MohamedRejeb / Ksoup

Ksoup is a lightweight Kotlin Multiplatform library for parsing HTML, extracting HTML tags, attributes, and text, and encoding and decoding HTML entities.
Apache License 2.0
376 stars 10 forks source link

decodeHtml4 & decodeHtml5 in one step #18

Closed vanniktech closed 1 year ago

vanniktech commented 1 year ago

decodeHtml5 isn't a set which also contains the decodeHtml4 entities. I'd like to invoke both. I know that I can call them one after another however, but I'm guessing performance wise a single call would be better. Since it'd only need to loop once instead of twice over the string. Also NumericEntityDecoder() is used twice which is unnecessary.
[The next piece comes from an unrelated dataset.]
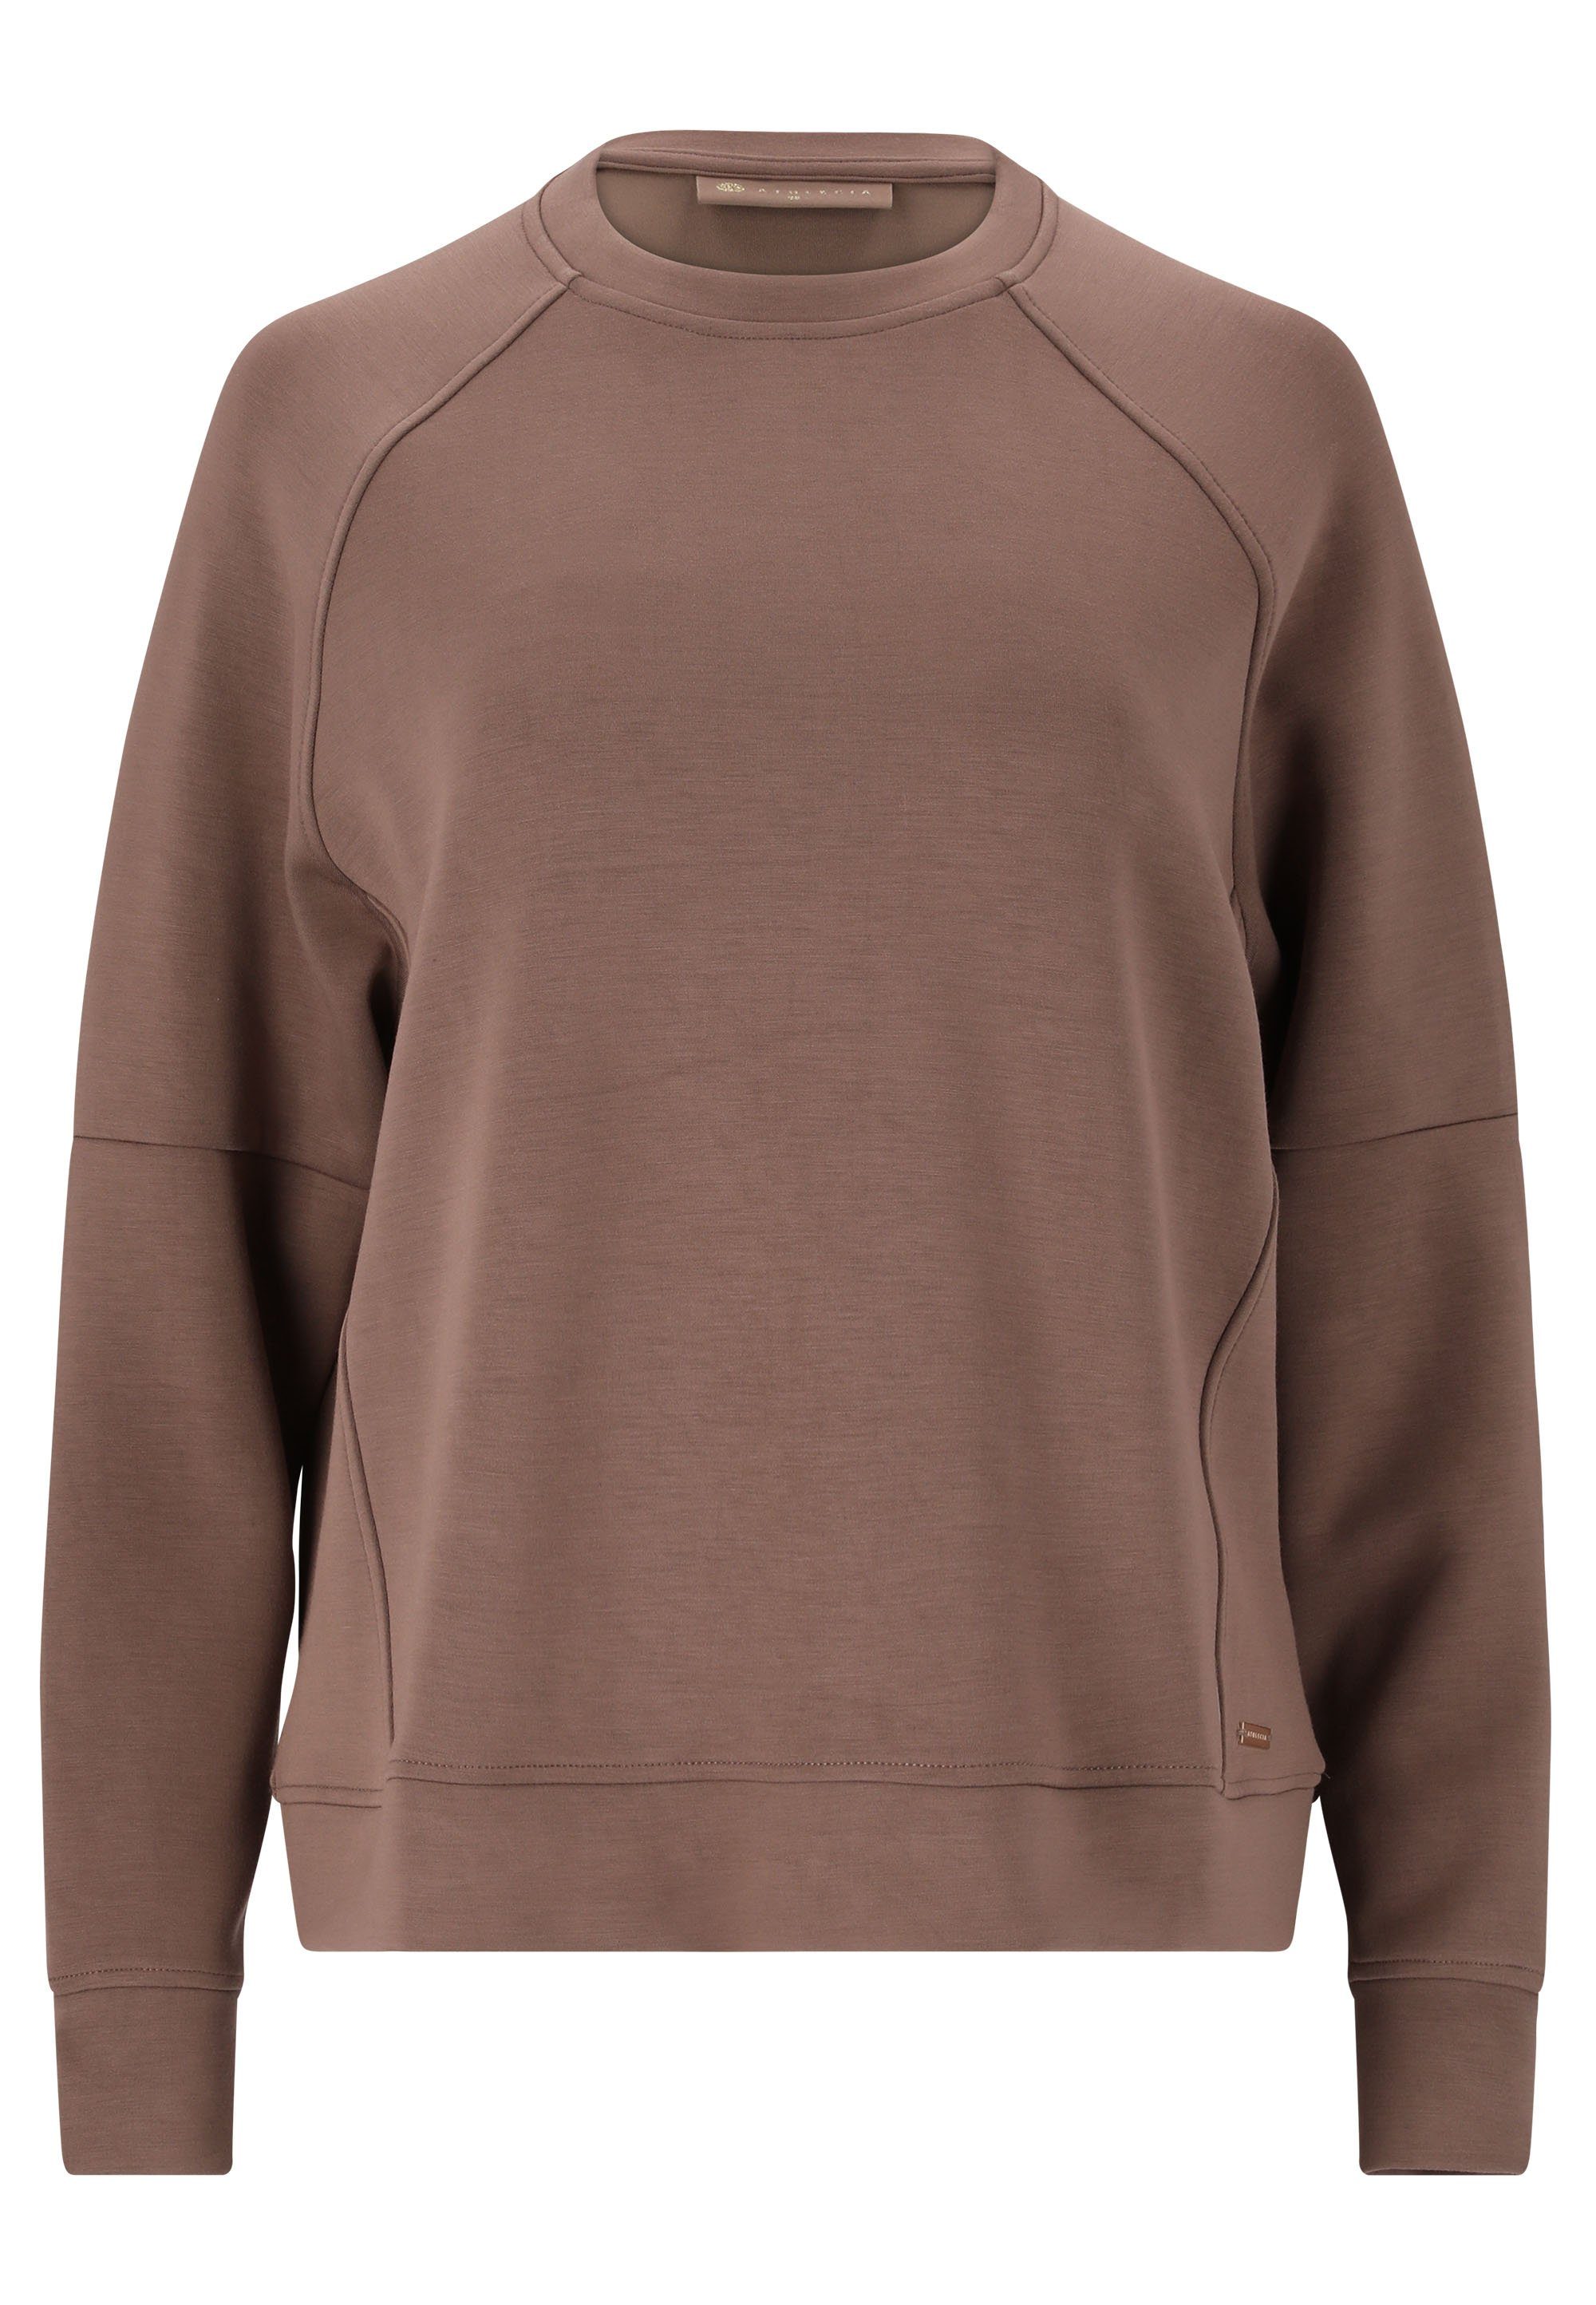 ATHLECIA Sweatshirt Jacey aus extra weichem Material, Sweatshirt für  Training und Freizeit von ENDURANCE ATHLECIA | Rollkragenpullover

Esentially, I want an aggregator like this:

AggregateTranslator(
    LookupTranslator(EntityMaps.HTML4Decode),
    LookupTranslator(EntityMaps.HTML5Decode),
    NumericEntityDecoder(),
)

Side note: I also found decodeHtml confusing as at first I thought this is decode4+5 but it's just 5, in which case, I'd go for removing that method to make the API smaller & conciser.

MohamedRejeb commented 1 year ago

decodeHtml5 already contains all HTML4 entities so you can just use decodeHtml5 and you will cover all the entities. True decodeHtml is confusing, maybe I'll deprecate it and suggest replacing it with decodeHtml5. I added it to make it clear that this is going to cover any HTML entity (4+5) so people don't get confused

vanniktech commented 1 year ago

It does not. The following test case fails for HTML5:

  @Test fun decode() {
    assertEquals("Å", KsoupEntities.decodeHtml4("Å"))
    assertEquals("Å", KsoupEntities.decodeHtml5("Å"))
  }
MohamedRejeb commented 1 year ago

It's a bug. I'll check this

MohamedRejeb commented 1 year ago

I'll release a new version soon containing the fix for this issue and the other issues as well.